Baseball, Barbecue and Beale

Published May/Jun 2007

Also see:
50 Years of Soul Celebration

Catch the Redbirds then enjoy great music attractions, restaurants and nightlife in Memphis.
By Deborah Reinhardt Palmer

The weather was suited more for football than baseball. But despite a game-time temperature in the low 40s (which dropped throughout the evening), a few thousand of the faithful on April 5 watched the Memphis Redbirds–Triple-A minor affiliate of the St. Louis Cardinals–lose the home opener to the Oklahoma Redhawks.

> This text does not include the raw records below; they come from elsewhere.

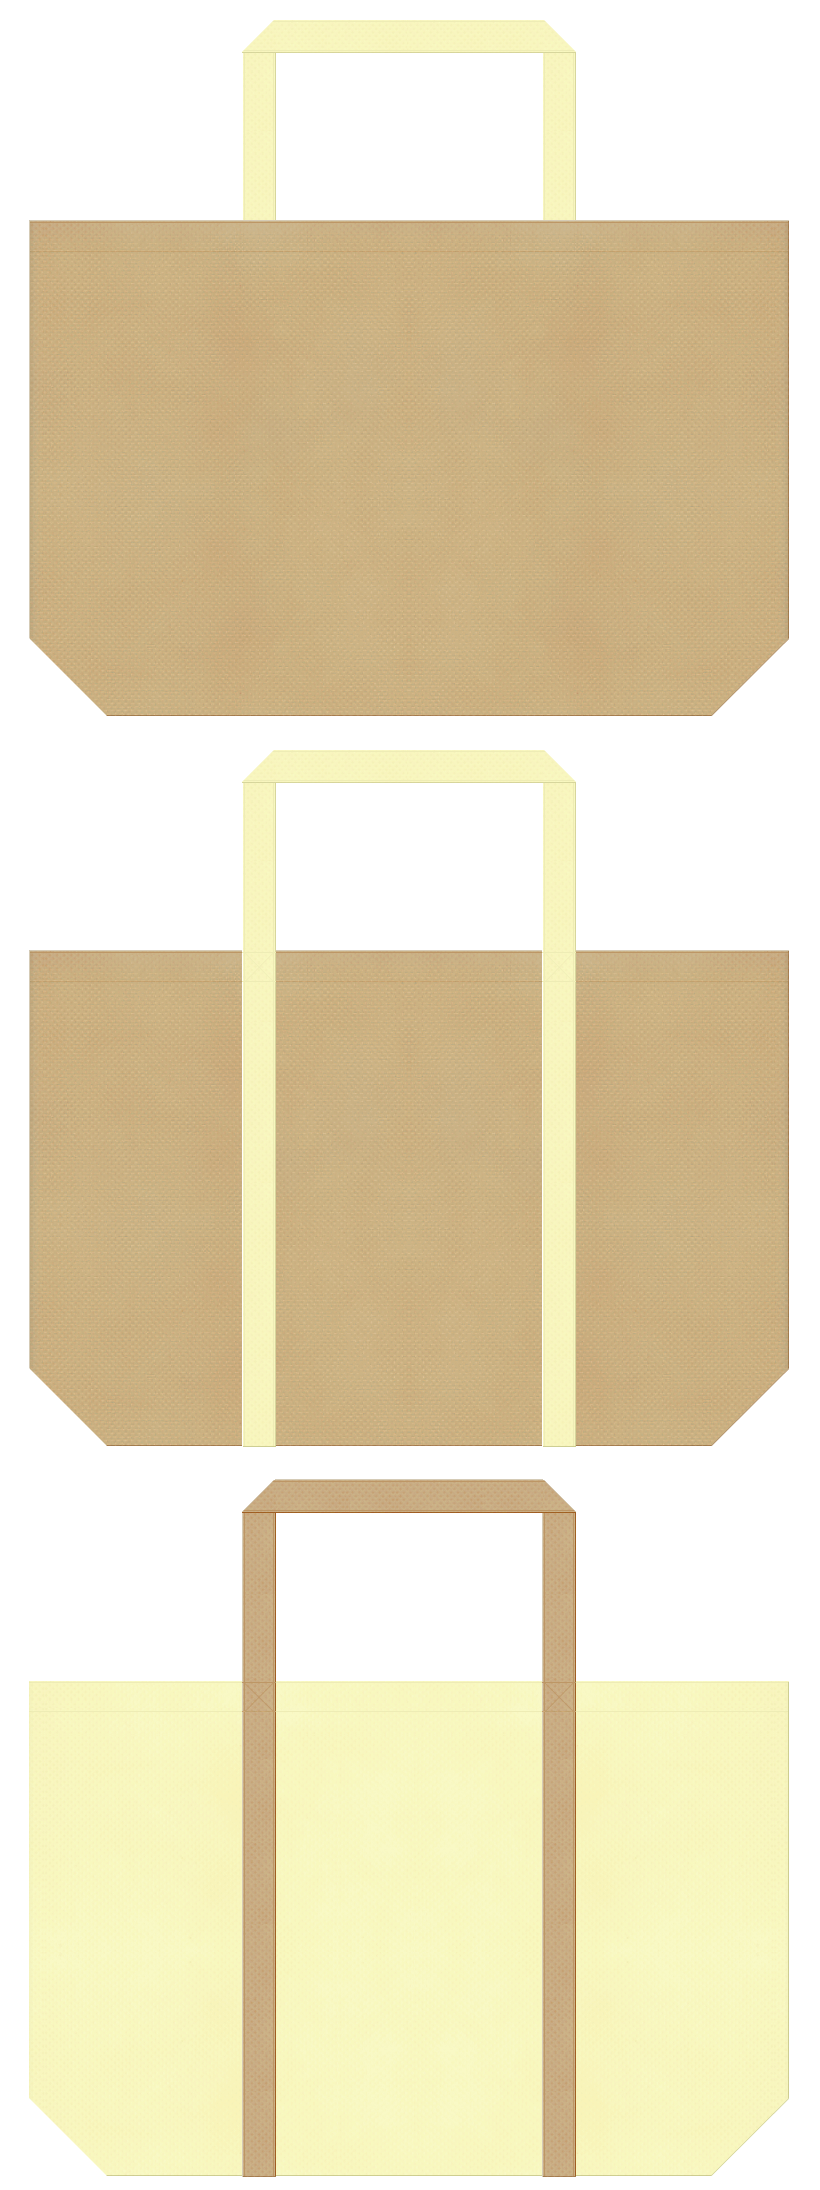 ガーリーデザイン・手芸・ぬいぐるみ・ペットサロン・たいやき・クレープ・クッキー・マーガリン・クリームパン・スイーツ・ベーカリー・和菓子のショッピングバッグにお奨めの不織布バッグデザイン:カーキ色と薄黄色のコーデ
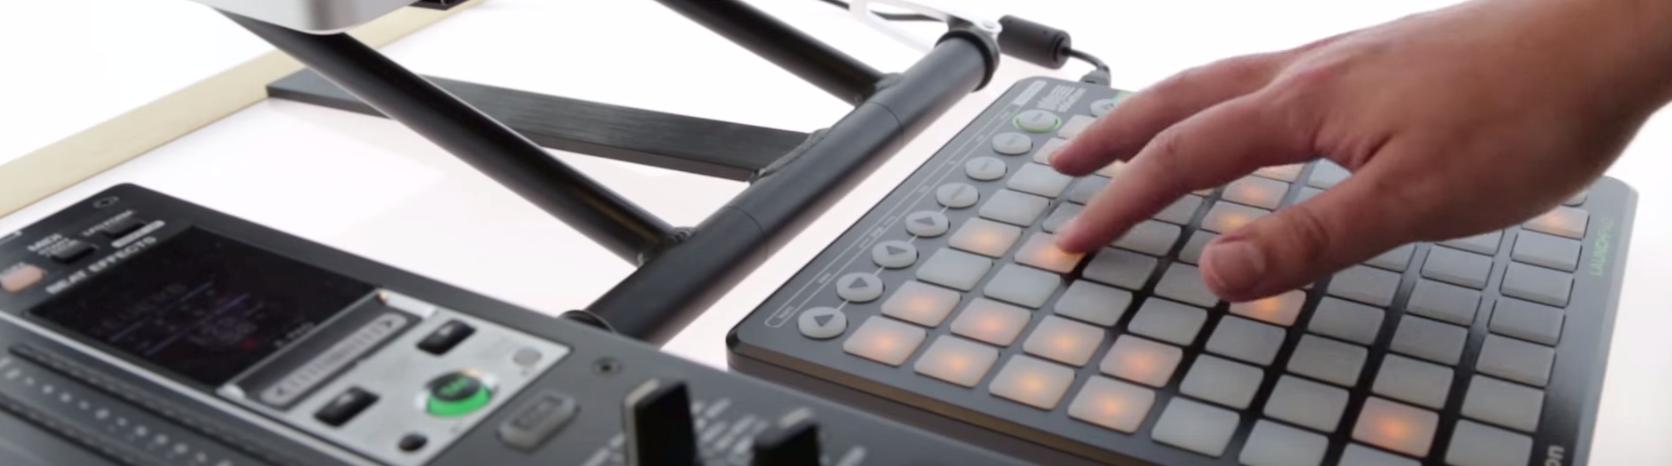 MIDI mapping with Serato DJ Pro – Serato Support
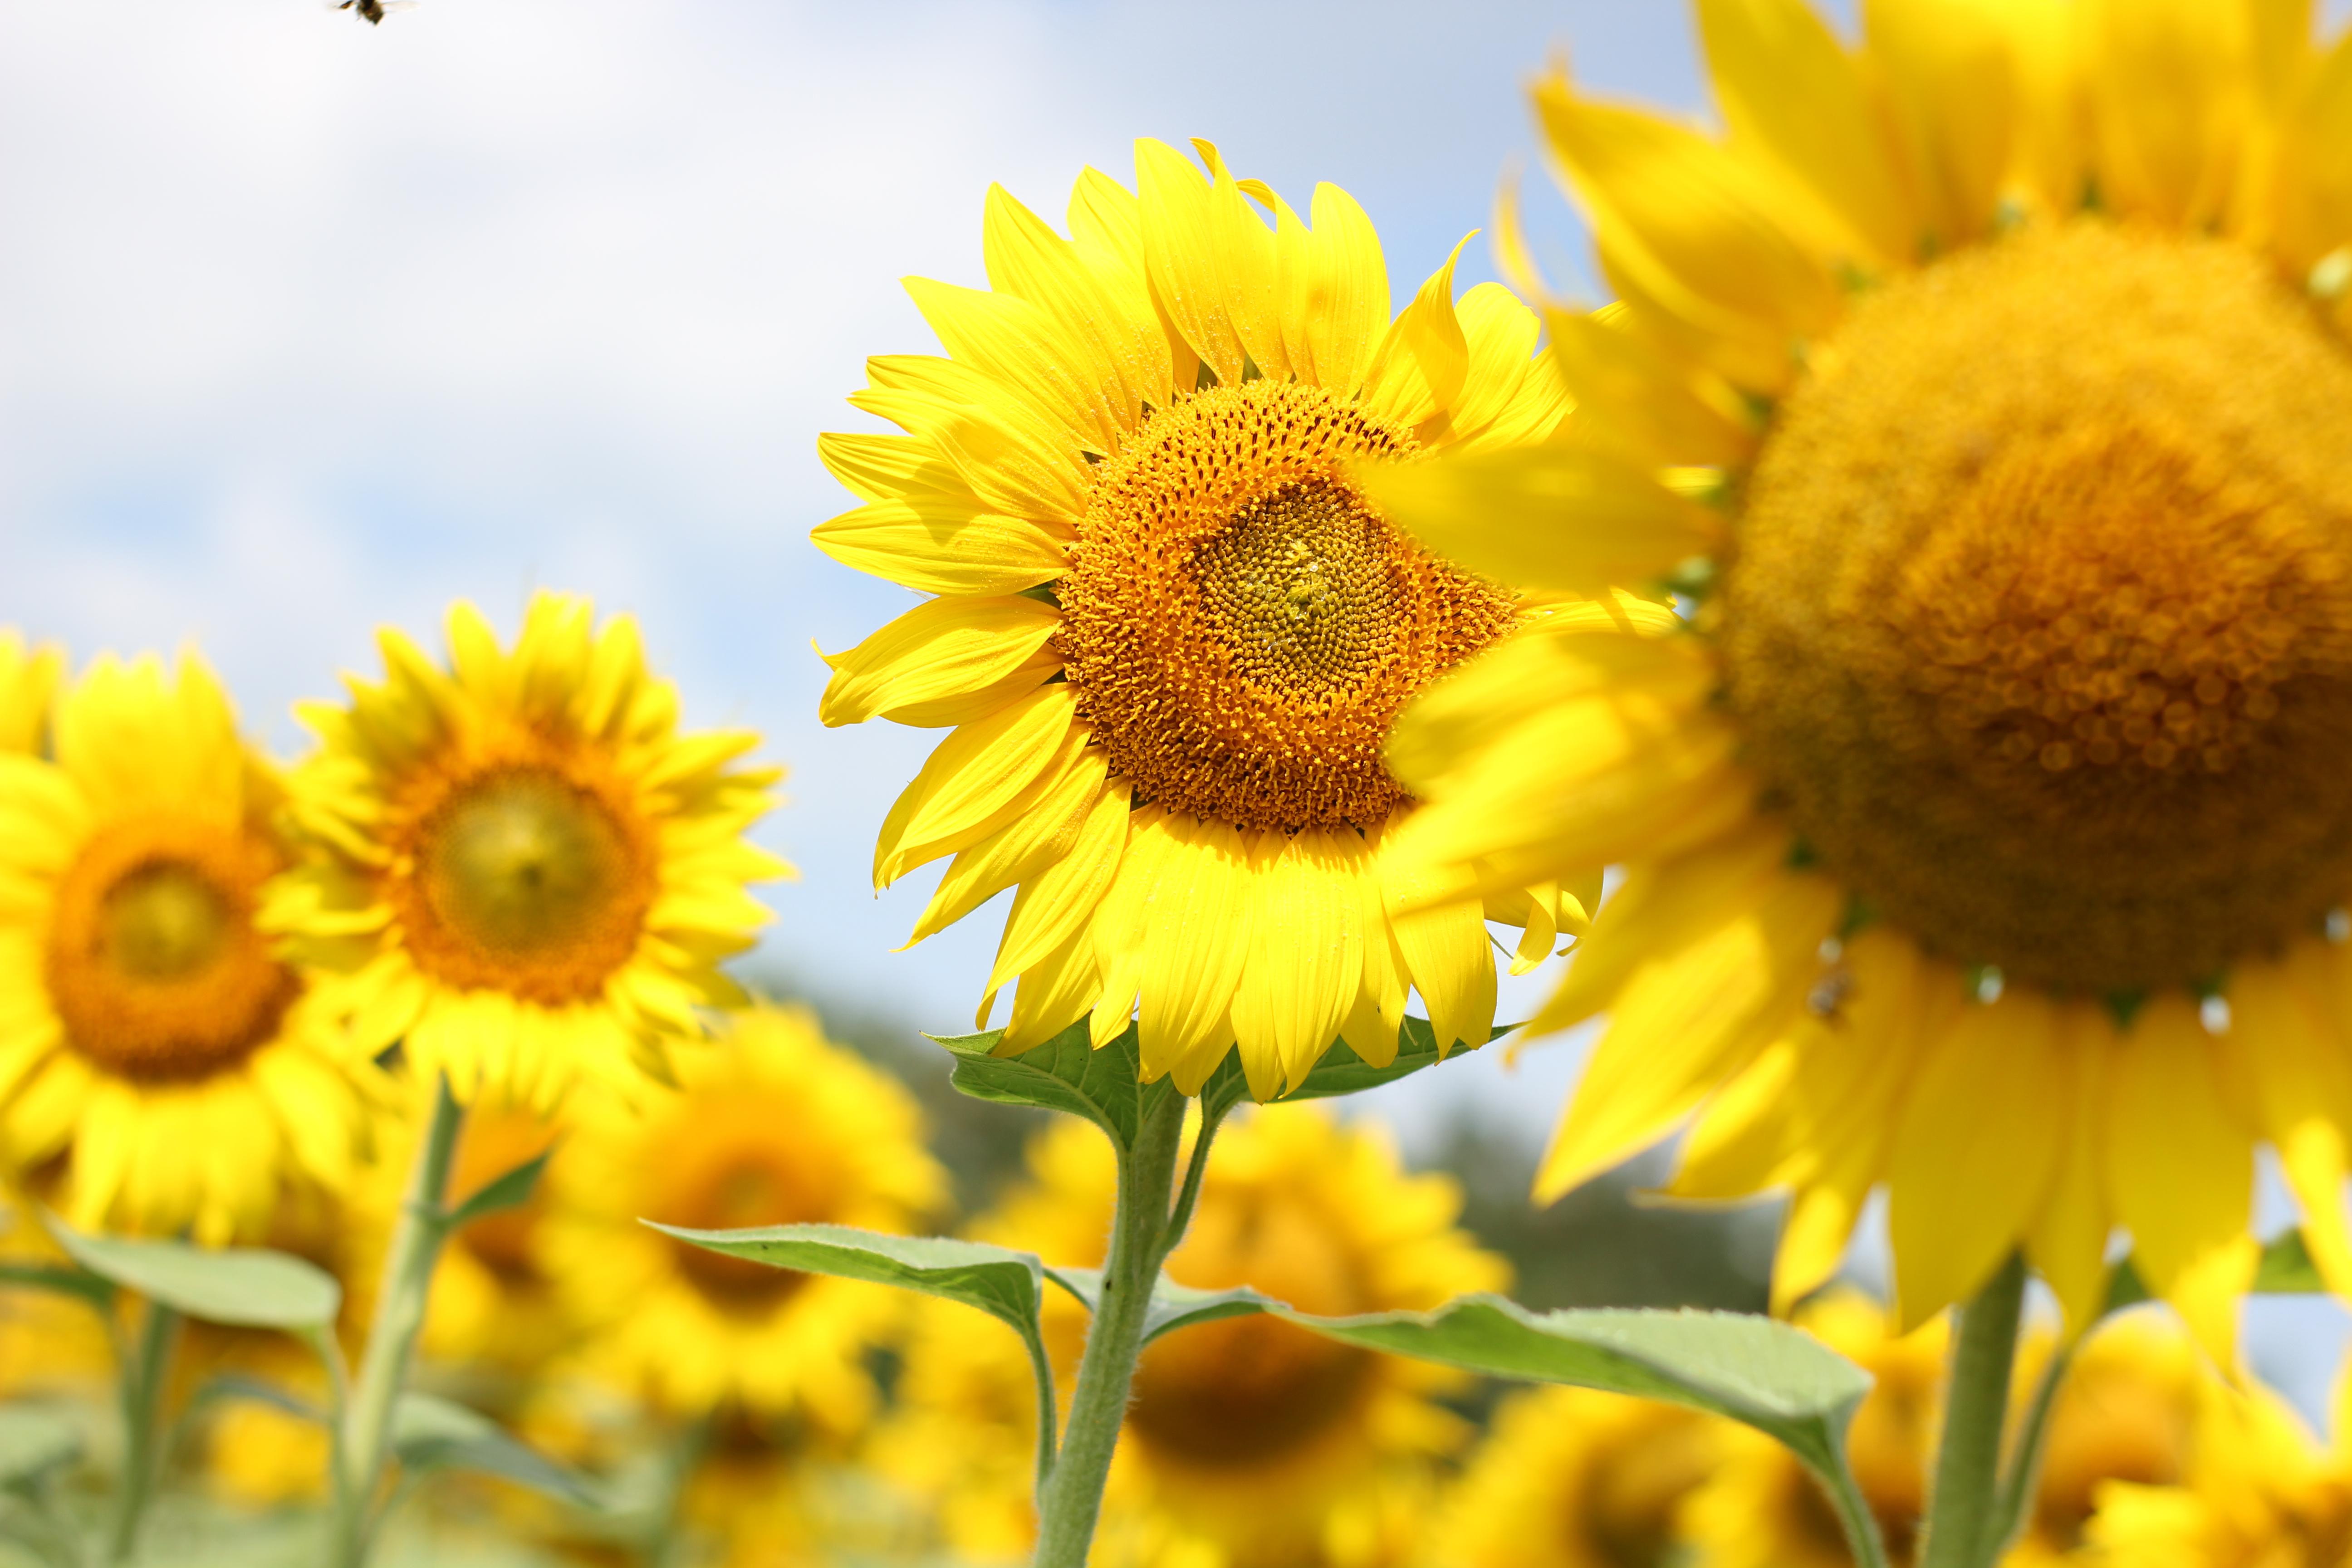 無料画像 ひまわりの畑 フローラ フィールド フラワーズ 農業

As Yogi Berra said, it was déjà vu all over again. Just a few days earlier, the Cardinals dropped their home opener to the New York Mets in front of a crowd bundled in coats, hats and gloves.

Cardinal fans visiting Memphis will feel at home in AutoZone Park, and any baseball fan will enjoy a weekend in Memphis; 48 hours of ball, barbecue and Beale Street.

Step up to the plate

Professional baseball has been a part of Memphis’ history since 1849. The Redbirds play in the north division of the Pacific Coast League’s American Conference. The PCL is the final step in the minors before getting called up to the majors. Memphis lefty Randy Keisler recently got the call for the Cards’ starting rotation. With ace Chris Carpenter ailing, Keisler filled in against the Pittsburgh Pirates, holding the Bucs to two runs in six innings.

Redbird fans hope this season with new manager Chris Maloney will be brighter than 2006 when the ‘Birds had a record of 58 wins, 86 losses–the worst in franchise history. In the opening weekend series, the Redbirds took three out of four from Oklahoma.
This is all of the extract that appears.